You could add hbase-site.xml to $HADOOP_HOME/conf and add hbase.jar to the $HADOOP_HOME/lib and copy these changes across your cluster but the cleanest means of adding hbase configuration and classes to the cluster CLASSPATH is by uncommenting HADOOP_CLASSPATH in $HADOOP_HOME/conf/hadoop-env.sh and adding the path to the hbase jar and $HBASE_CONF_DIR directory. Then copy the amended configuration around the cluster. You'll probably need to restart the mapreduce cluster if you want it to notice the new configuration (You may not have to).

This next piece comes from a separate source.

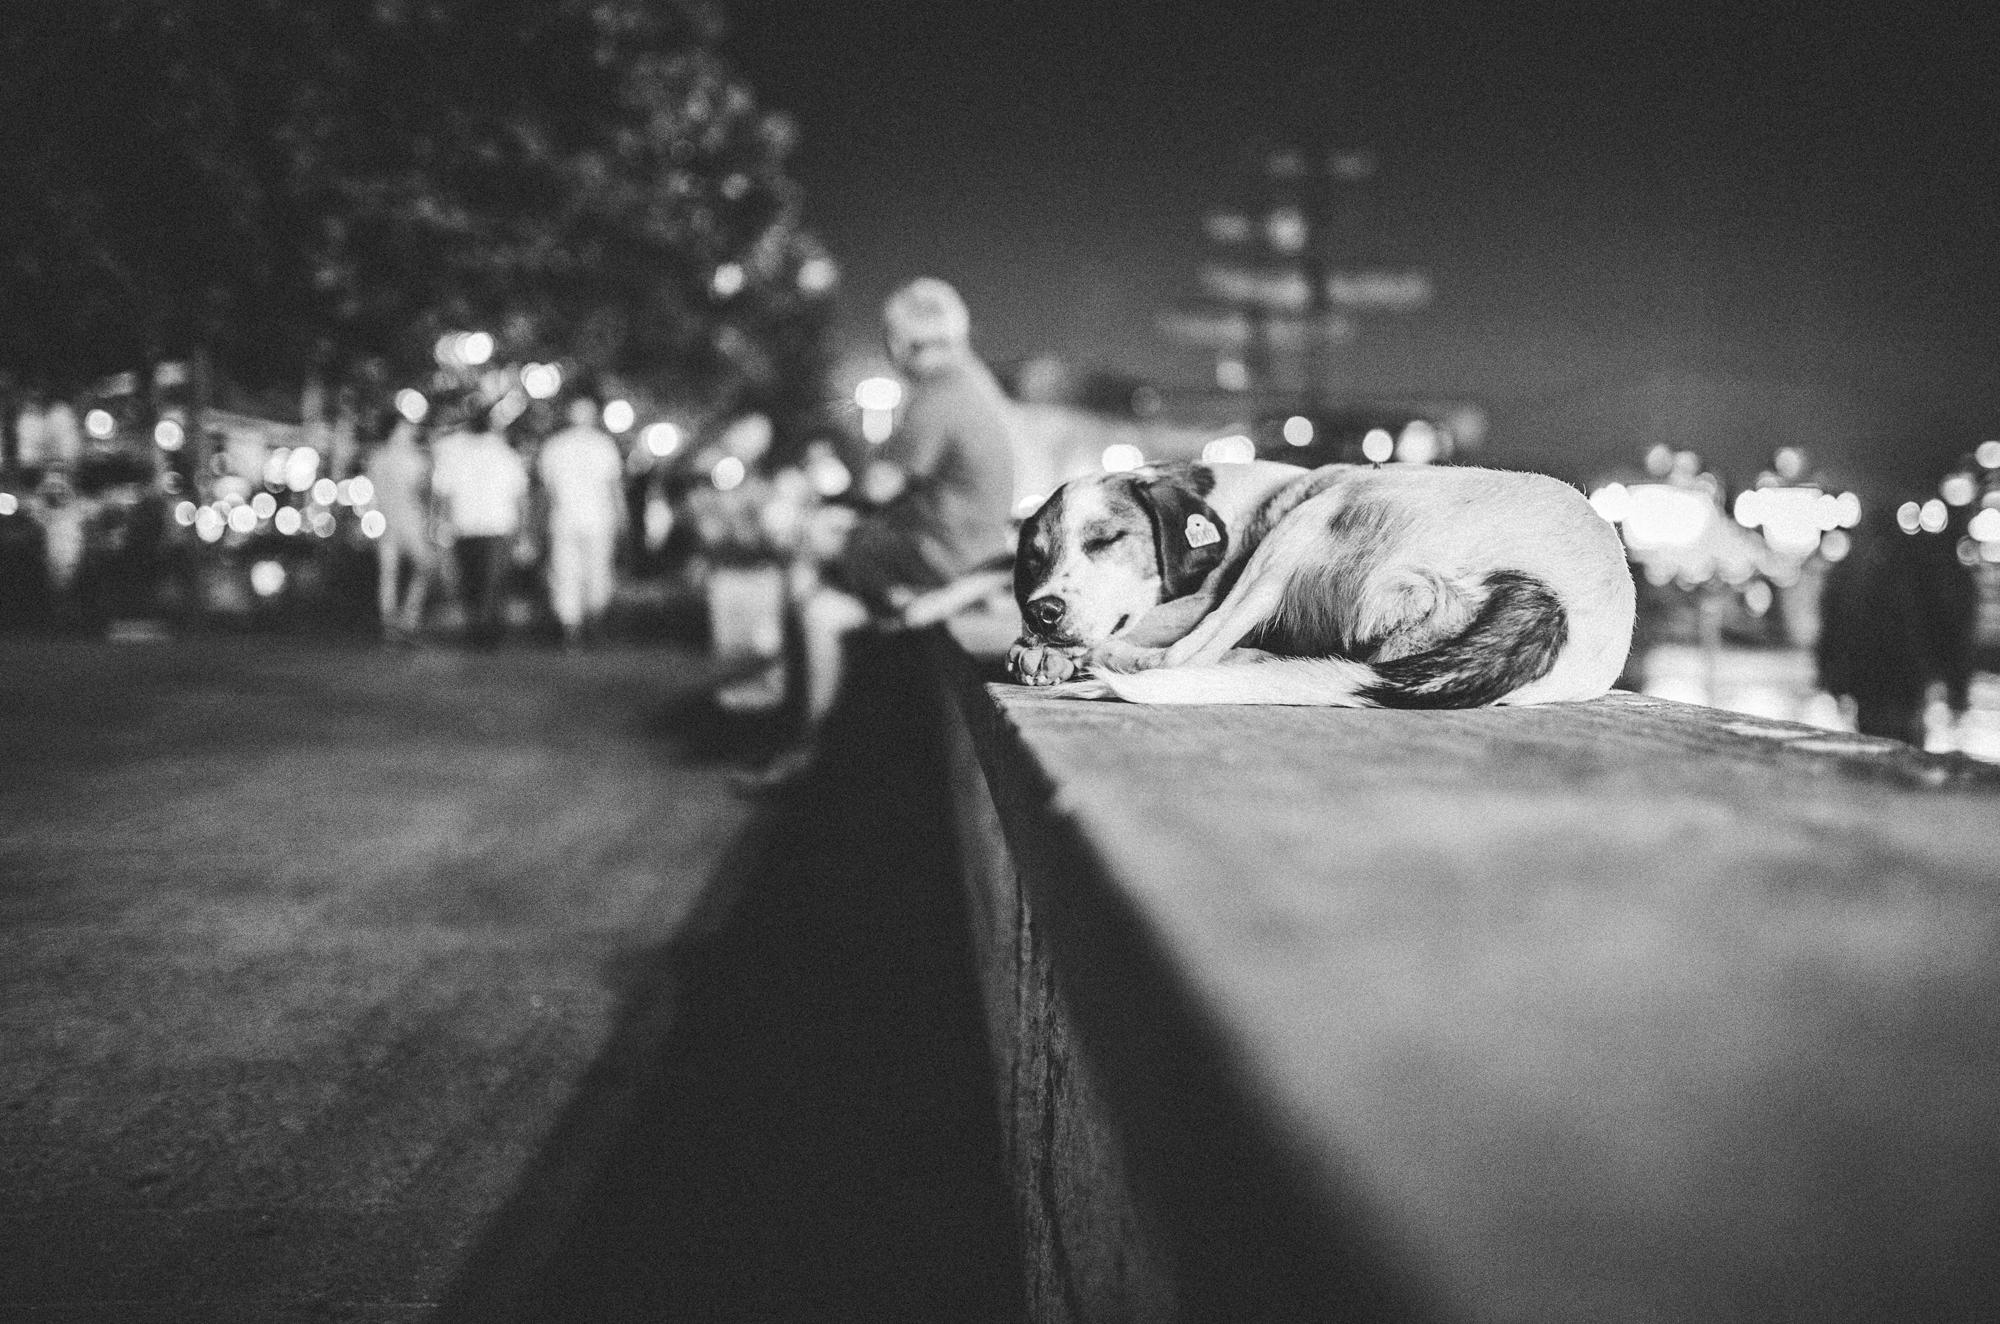 A street dog lying on a bench in Skopje, Macedonia.

Below, find an example of how you would amend $HADOOP_HOME/conf/hadoop-env.sh adding the hbase jar, conf. This example assumes you are using the hbase-0.2.0 release, with additional commented export commands for other releases/builds:

# Extra Java CLASSPATH elements.  Optional.
# export HADOOP_CLASSPATH=
# for hbase-0.2.0 release
export HADOOP_CLASSPATH=$HBASE_HOME/build/hbase-0.2.0.jar:$HBASE_HOME/conf
# for 0.16.0 release
#export HADOOP_CLASSPATH=$HBASE_HOME/hadoop-0.16.0-hbase.jar:$HBASE_HOME/conf
# for 0.16.0 developer build
#export HADOOP_CLASSPATH=$HBASE_HOME/build/test:$HBASE_HOME/build/hadoop-0.16.0-hbase.jar:$HBASE_HOME/conf

Expand $HBASE_HOME appropriately in the in accordance with your local environment. To use the developer versions of the HADOOP_CLASSPATH, you first need to execute "ant" or "ant build" in $HBASE_HOME. This will create some .jar files in the $HBASE_HOME/build directory. To use the PerformanceEvaluation class from hbase test classes, you must use a developer build. Then, this is how you would run the PerformanceEvaluation MR job to put up 4 clients:

 > $HADOOP_HOME/bin/hadoop org.apache.hadoop.hbase.PerformanceEvaluation sequentialWrite 4

The PerformanceEvaluation class wil be found on the CLASSPATH because you added $HBASE_HOME/build/test to HADOOP_CLASSPATH

NOTE: While previous it used to be possible to bundle the hbase.jar up inside the job jar you submit to hadoop, as of 0.2.0RC2, this is no longer so. See HBASE-797.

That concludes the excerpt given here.